DialaPhone
- Industry: Telecommunications
- Founded: 1995
- Founder: Jonathan Beck and Richard Frank
- Defunct: 15 September 2014
- Fate: Defunct (bankrupt)
- Headquarters: Newcastle-under-Lyme, Staffordshire, England
- Products: Mobile telephones
- Parent: Phones4u
- Website: Archived website at the Wayback Machine (archived 4 September 2014)

= Dial-a-Phone =

UK phone retailer

Dialaphone (Dial-A-Phone, Dial A Phone) was an independent mobile phone retailer in the United Kingdom. It was established in February 1995 as a direct marketer and supplier of mobile phones and mobile phone accessories. The e-commerce website went online in September 2000. In 2008 it was acquired by Phones 4u who as of September 2014 collapsed into administration closing branches, online trading and call centres.

== History ==
Dialaphone was founded in February 1995 by Jonathan Beck and Richard Frank with capital borrowed from Beck's father. While there was enough investment to fund telephone lines and recording equipment, the company had to carry out transactions without tracking software. Instead, Beck organised a system of trays and runners to keep track of orders during the company's early days.

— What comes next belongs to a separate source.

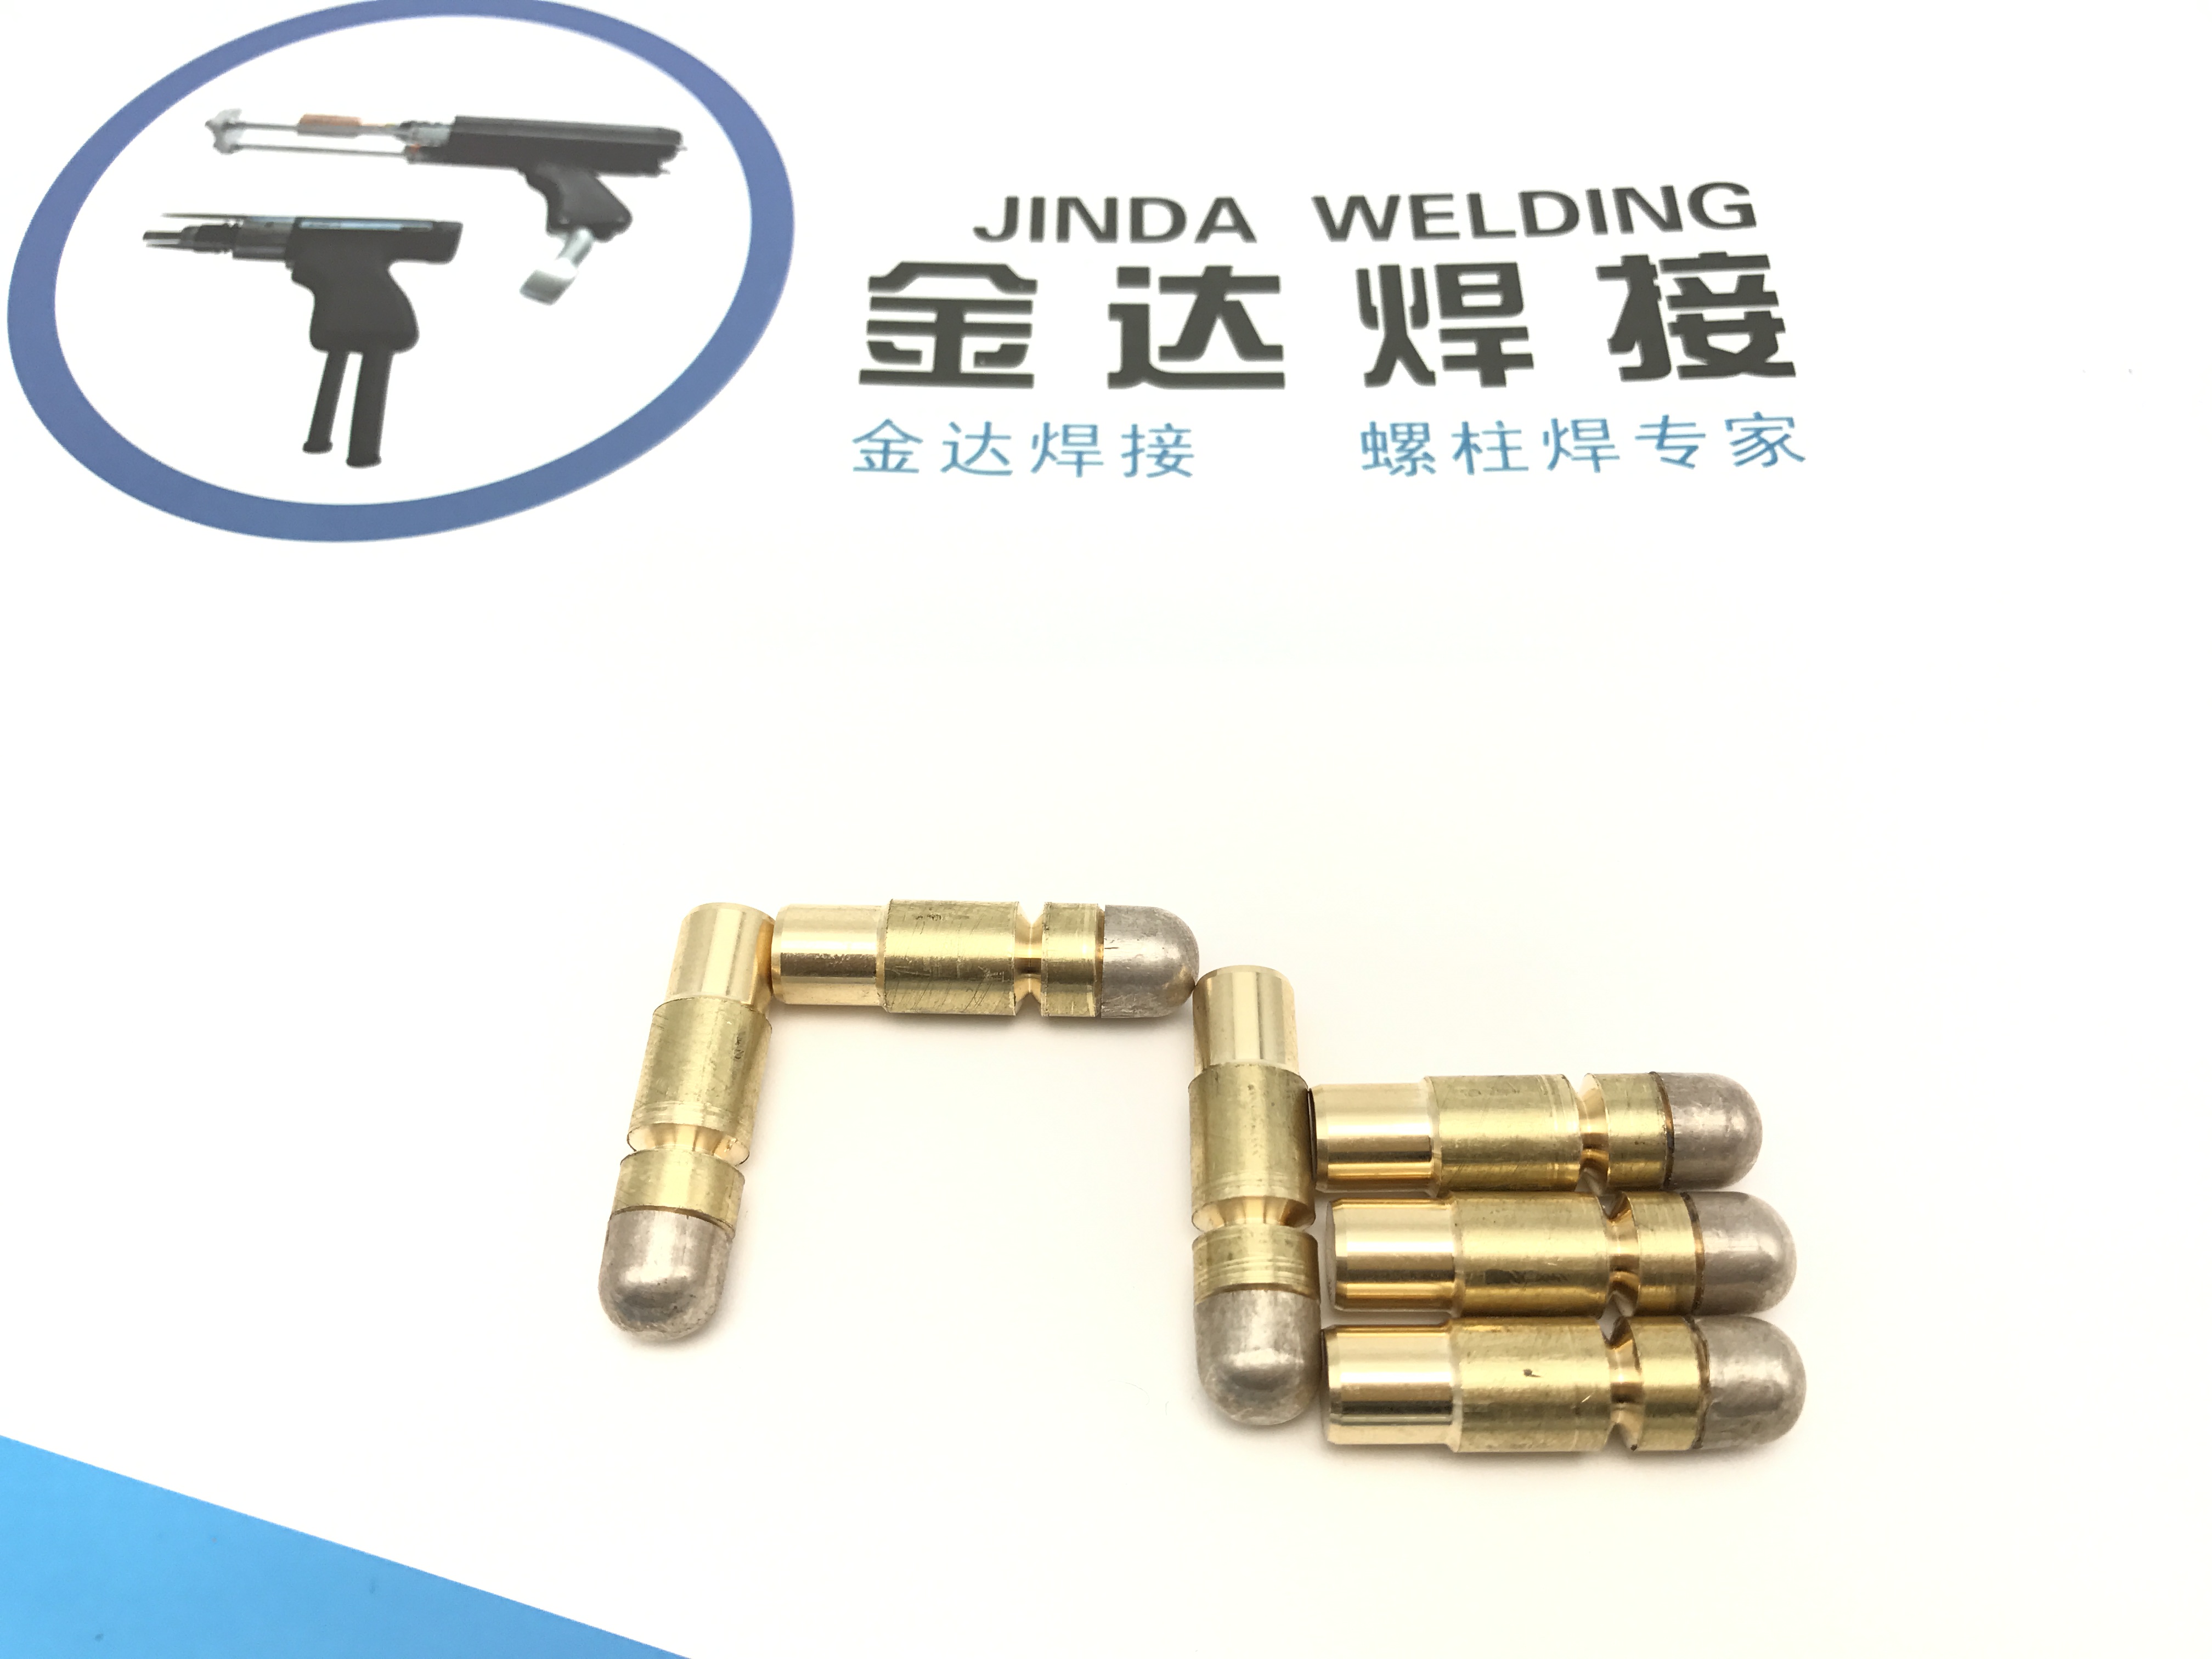 銀鉛焊釘 陰極保護銅焊 Pin brazing 銅焊釘
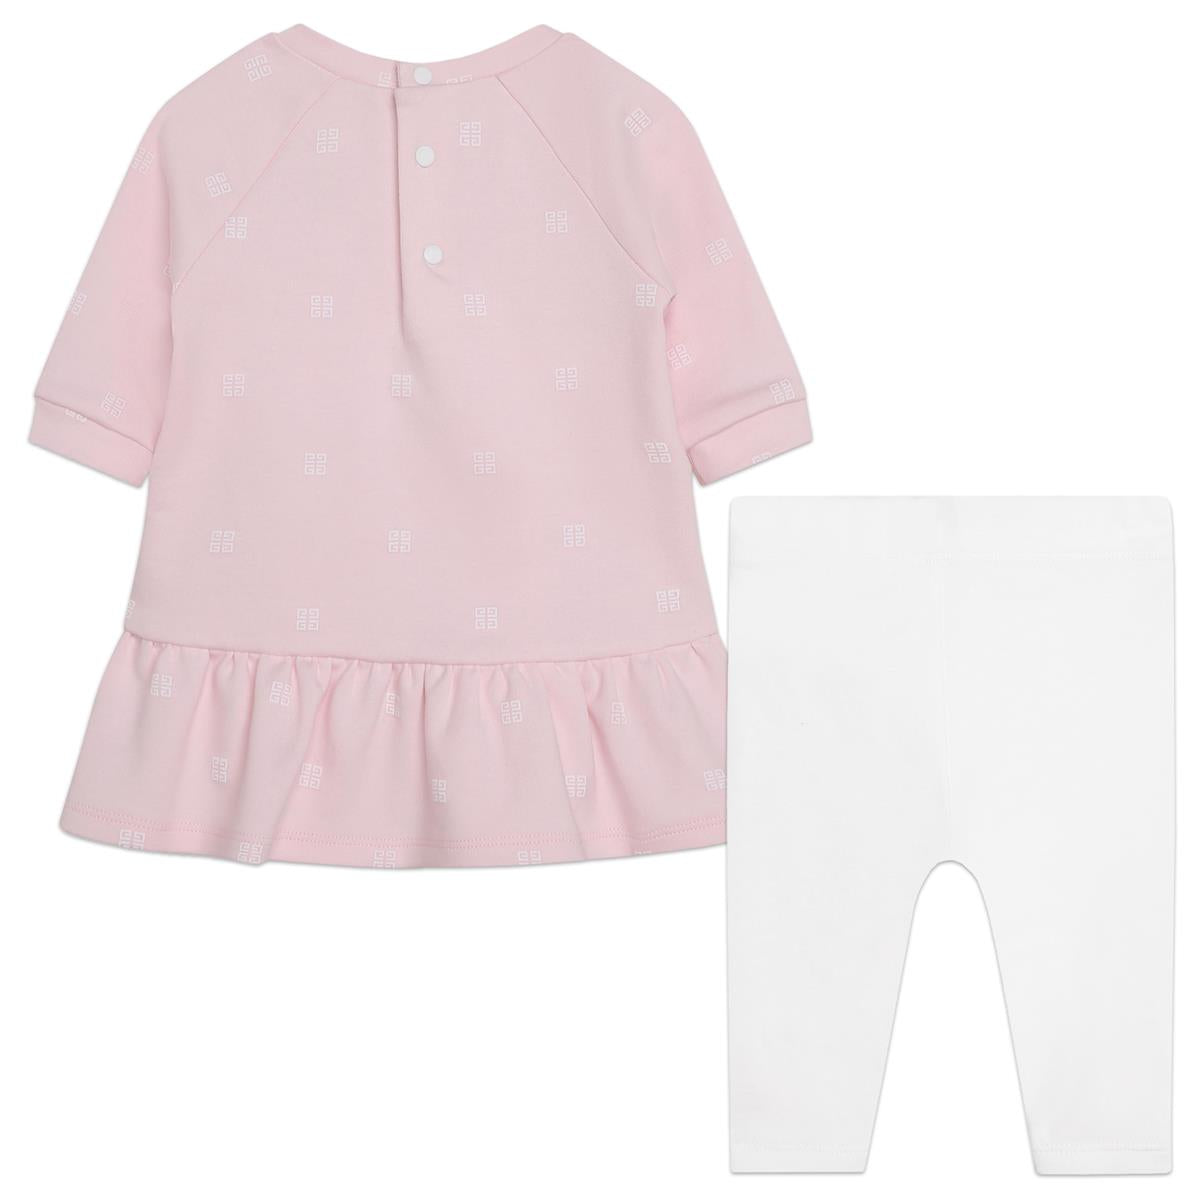 Baby Girls Pink Cotton Set

Initially, the business model relied entirely on direct phone calls generated from advertisements placed in the press, combined with efficient processing. Double page spreads in tabloids attracted consumers.

During the late 1990s Dialaphone experienced rapid growth in a burgeoning market. This, along with the business’ minimal running costs, attracted the attentions of several investors. In 1999, a deal was made with Barclays Private Equity to take a majority share in the company in return for investment. This investment enabled the business to expand into the online area and develop a new website called www.dialaphone.co.uk.

In May 1998, Dialaphone began its transition into an online business model with the launch of a dedicated e-commerce website. The website would soon become the business’ primary source of income.

After extensive growth and moving to new premises the management teams were restructured and in the summer of 1999 a new Marketing Director, Finance Director and Managing Director were appointed.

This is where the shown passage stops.